Lizzie a 15 ans et plus aucune envie d’aller à l’école. Depuis que sa mère a fait un bébé dans le dos de son beau-père et que celle-ci déprime, elle veut se rendre utile… mais pas seulement à la maison. Alors quand la maison de retraite du coin cherche des auxiliaires de bonne volonté – et c’est déjà pas mal -, elle se lance : après tout, quelle différence entre le bébé Danny et les pensionnaires de Paradise Lodge ? Mis à part les dentiers qui peuvent malencontreusement se mélanger pendant leur lessive … ou les rondes aux WC à organiser régulièrement pour chacun des 35 pensionnaires – moins pire que les couches, non ? … ou la présence d’une morgue au fond du couloir ? Bref, Lizzie pense pouvoir rapidement devenir un élément encadrant indispensable, et ainsi faire comprendre à la principale du lycée et à sa mère son désintérêt pour les cours. Pourtant, comme tout univers professionnel, Paradise Lodge a ses règles, ses us et coutumes, ses gentils et ses méchants, ses abus. Elle y a ses habitudes, elle s’y construit une vie qui lui plait bien, elle y côtoie des collègues qui pourraient bien devenir des amies et qui se passionnent pour ses études des shampoings disponibles sur le marché. Et le jour où un établissement concurrent menace la survie de « sa » maison de retraite, Lizzie prend la tête de la fronde. Il n’est pas encore vieux celui qui la dégoûtera de cette nouvelle vocation.

Avec humour, Nina Stibbe lève le voile sur la vieillesse et sa prise en charge, sur les turpitudes des établissements de prise en charge où le meilleur côtoie le pire, sur ces hommes et ses femmes qui, par vocation ou par défaut prennent soin ou font vivre un enfer à nos anciens – et sur ces Anciens qui peuvent parfois devenir des Diables en fauteuils roulants.

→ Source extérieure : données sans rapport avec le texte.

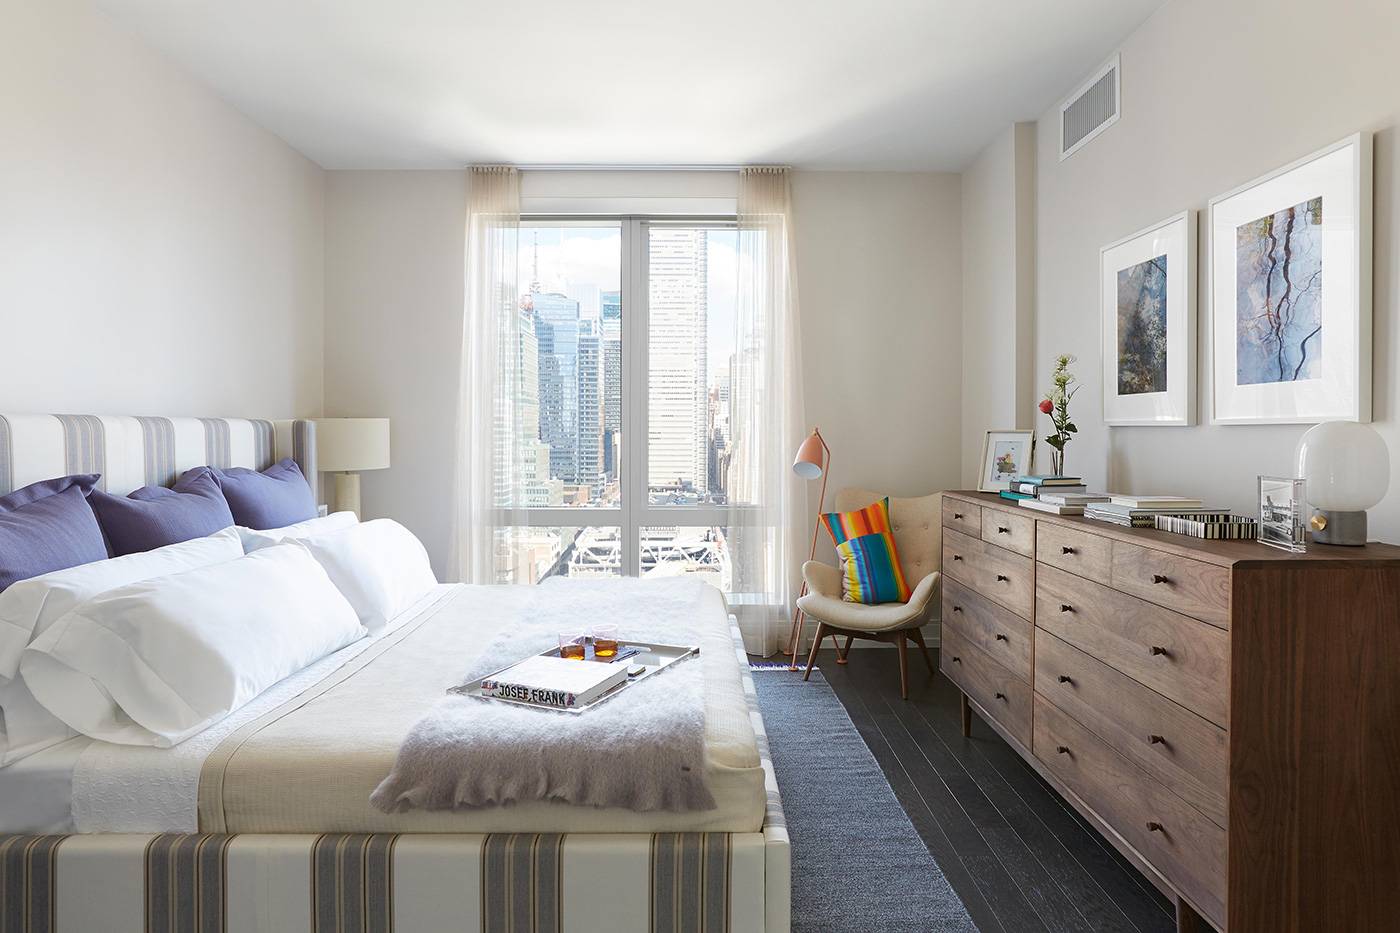 RENTAL 10th AVE BETWEEN W40TH ST & W41ST BEAUTIFUL HUDSON YARDS TIMES SQUARE HELL'S KITCHEN MIDTOWN WESTSIDE

Parce qu’il vaut parfois mieux en rire, on se prend rapidement au jeu, et on déguste ce roman doux-amer avec délectation. Autant vous le dire, je le lis habituellement pas ce genre de roman, pour tout un tas de raison, mais cette exception en valait le coup.

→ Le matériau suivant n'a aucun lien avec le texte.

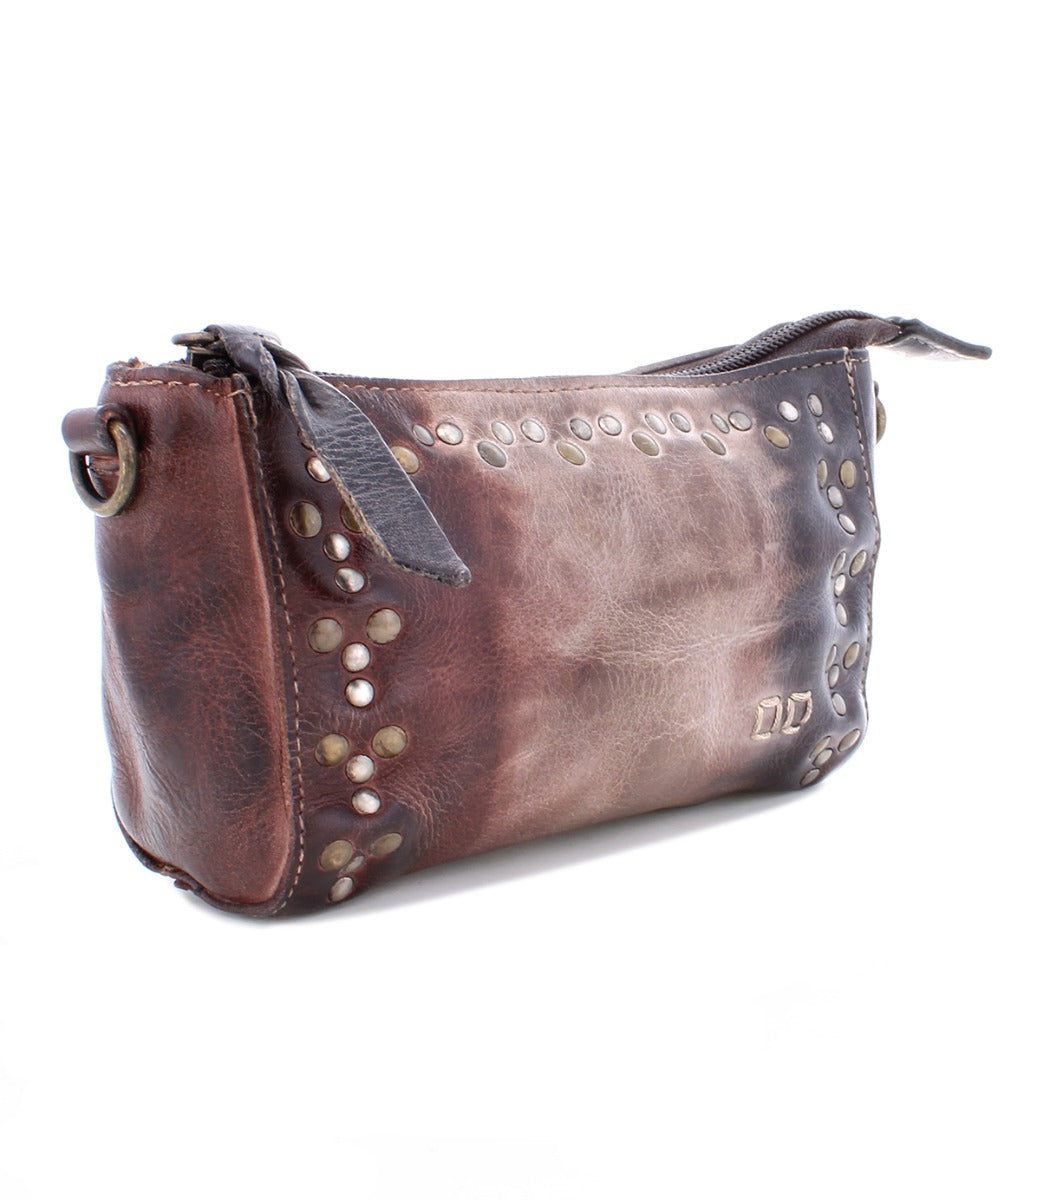 An Encase by Bed Stu brown leather purse with studded details.

Ça pique quelque peu donc, vous l’aurez compris, mais on sourit et on compatit, on s’attache à Lizzie, à ses collègues, aux pensionnaires qui tous veulent seulement faire s’articuler quelques années encore de leur vie dans les meilleures conditions possibles. Décapant, intelligent, un tantinet caricatural… du moins l’espère-t-on !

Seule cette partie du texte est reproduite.